There is so much to explore in Clerkenwell at historic venues like The Charterhouse, the Museum of the Order of St John and Marx Memorial Library as well as a multiplicity of pubs, cafes and shops. Clerkenwell Green is being remade as a destination. Exmouth Market is buzzing. For a deep dive into London’s history, the London Metropolitan Archives is a stone’s throw away. There are film locations across the area. The cluster of cultural organisations is large and growing, with Sadler’s Well Theatre indisputably London’s most important dance venue, the Barbican Centre around the corner, the Quentin Blake Centre for Illustration due in 2025 and the London Museum (the Museum of London) due in 2026. All of these could be part of Destination Clerkenwell using maps, digital media, virtual tours and walks. 

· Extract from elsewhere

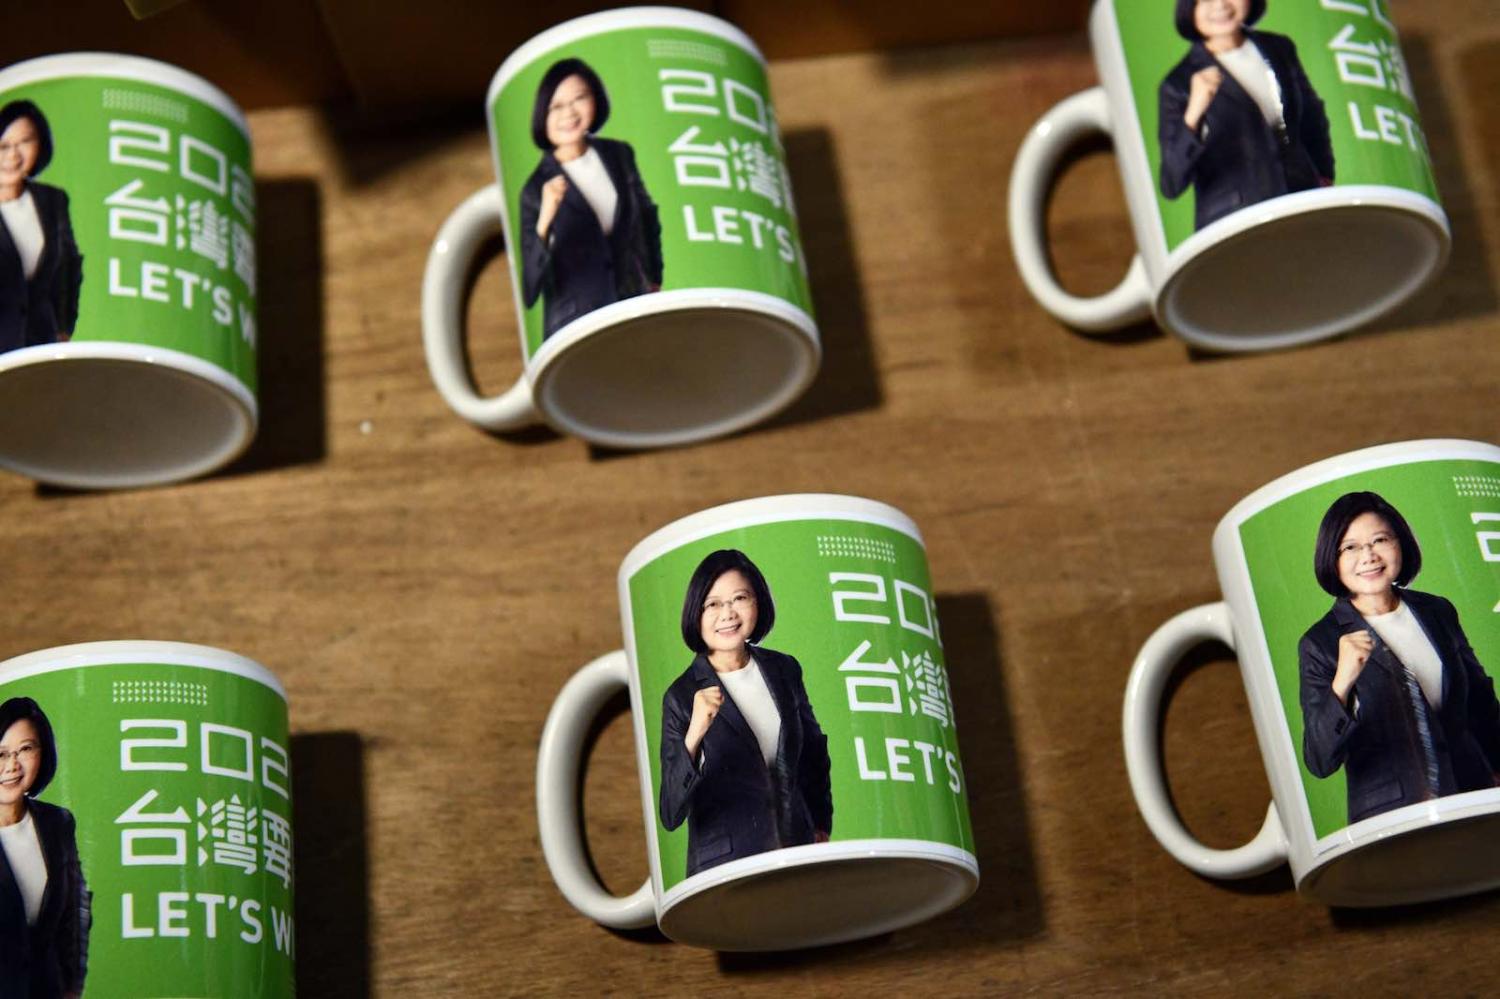 Tsai Ing-Wen–branded mugs are displayed for sale after her re-election as President of Taiwan, Taipei, 11 January (Photo: Carl Court/Getty Images)

Destination Clerkenwell should be handled in a sustainable manner. One question is how organisations might come together to offer rich experiences to visitors, workers and residents alike. In the City of London, Destination City will take on Culture Mile’s earlier work while City Hall and Mayor Sadiq Khan have also done much to reinvigorate London’s tourism and the boost from international inbound tourism has been considerable. 

Who might champion Clerkenwell? The Destination Clerkenwell story would have to be a strong proposition. In the past Clerkenwell has been marketed as London’s ‘secret village’, but now the area is better known that sobriquet may no longer the case. But Clerkenwell is known for its special character and keeping that would be important. Visitors aren’t necessarily a great boon to residential areas, and there are already concerns about the developments we may see when Smithfield Market moves in a few years. Many do not want another Covent Garden. 

The key is to balance the interests of business, workers, residents and visitors. Creating maps and a digital archive of local heritage together could help build a partnership for sustainable tourism. Then visitors arriving on the Elizabeth Line could take the Barbican exit for Destination City – or the Farringdon exit for Destination Clerkenwell.